Say I can only deserialize to the following cases:

case class Data(val a: Int, val b: Int, val c: Int) 

and expected JSON format:

 { "foo": [ {"a": 0, "b": 0, "c": 0 }, {"a": 0, "b": 0, "c": 1 } ], "bar": [ {"a": 1, "b": 0, "c": 0 }, {"a": 1, "b": 0, "c": 1 } ], .... MANY ITEMS .... , "qux": [ {"a": 0, "b": 0, "c": 0 } } 

What I would like to do:

 import com.codahale.jerkson.Json val dataSeq : Seq[Data] = Json.advanceToValue("foo").stream[Data](fileStream) // NOTE: this will not compile since I pulled the "advanceToValue" out of thin air. 

As a last note, I would prefer to find a solution that includes Jerkson or any other libraries that come with the Play platform, but if another Scala library handles this script with greater ease and decent performance: I am not against trying another library. If there is a clean way to manually search through a file, then use the Json library to continue parsing from there: I'm fine with that.

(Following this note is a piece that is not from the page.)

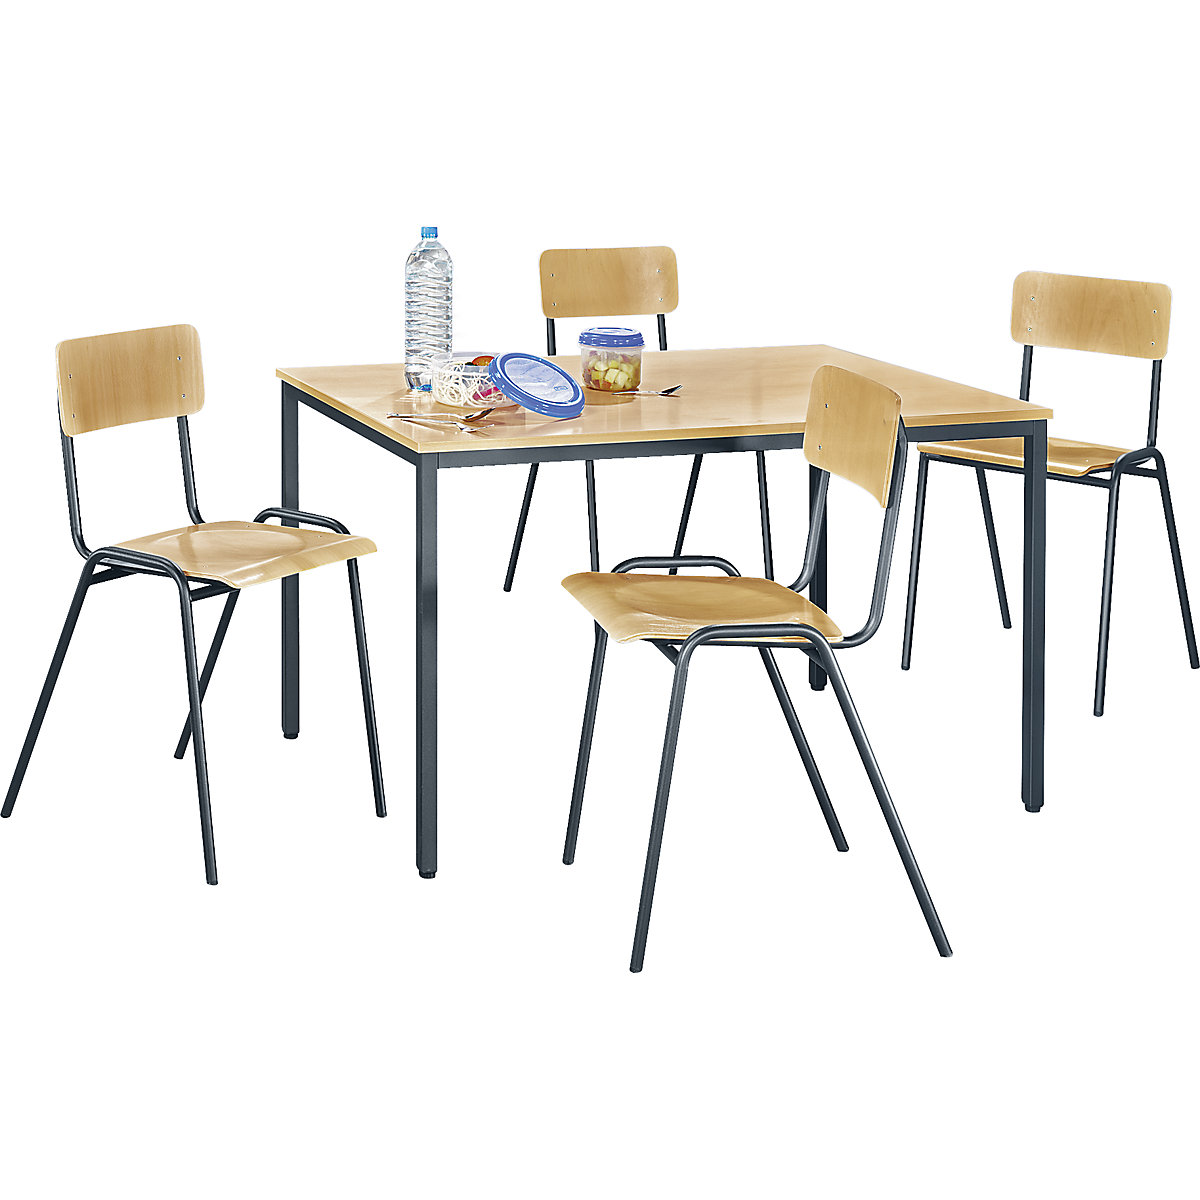 Conjunto de sillas y mesa multiusos – eurokraft basic, 1 mesa, 4 sillas, tablero de mesa en decoración de haya, armazón gris basalto-8

What I don't want to do is swallow the entire file without streaming or using an iterator, since storing the entire file in memory at one time will be overly expensive.

+7
source share
2 answers

Here is my solution to the problem:

 import collection.immutable.PagedSeq import util.parsing.input.PagedSeqReader import com.codahale.jerkson.Json import collection.mutable private def fileContent = new PagedSeqReader(PagedSeq.fromFile("/home/me/data.json")) private val clearAndStop = ']' private def takeUntil(readerInitial: PagedSeqReader, text: String) : Taken = { val str = new StringBuilder() var readerFinal = readerInitial while(!readerFinal.atEnd && !str.endsWith(text)) { str += readerFinal.first readerFinal = readerFinal.rest } if (!str.endsWith(text) || str.contains(clearAndStop)) Taken(readerFinal, None) else Taken(readerFinal, Some(str.toString)) } private def takeUntil(readerInitial: PagedSeqReader, chars: Char*) : Taken = { var taken = Taken(readerInitial, None) chars.foreach(ch => taken = takeUntil(taken.reader, ch.toString)) taken } def getJsonData() : Seq[Data] = { var data = mutable.ListBuffer[Data]() var taken = takeUntil(fileContent, "\"foo\"") taken = takeUntil(taken.reader, ':', '[') var doneFirst = false while(taken.text != None) { if (!doneFirst) doneFirst = true else taken = takeUntil(taken.reader, ',') taken = takeUntil(taken.reader, '}') if (taken.text != None) { print(taken.text.get) places += Json.parse[Data](taken.text.get) } } data } case class Taken(reader: PagedSeqReader, text: Option[String]) case class Data(val a: Int, val b: Int, val c: Int) 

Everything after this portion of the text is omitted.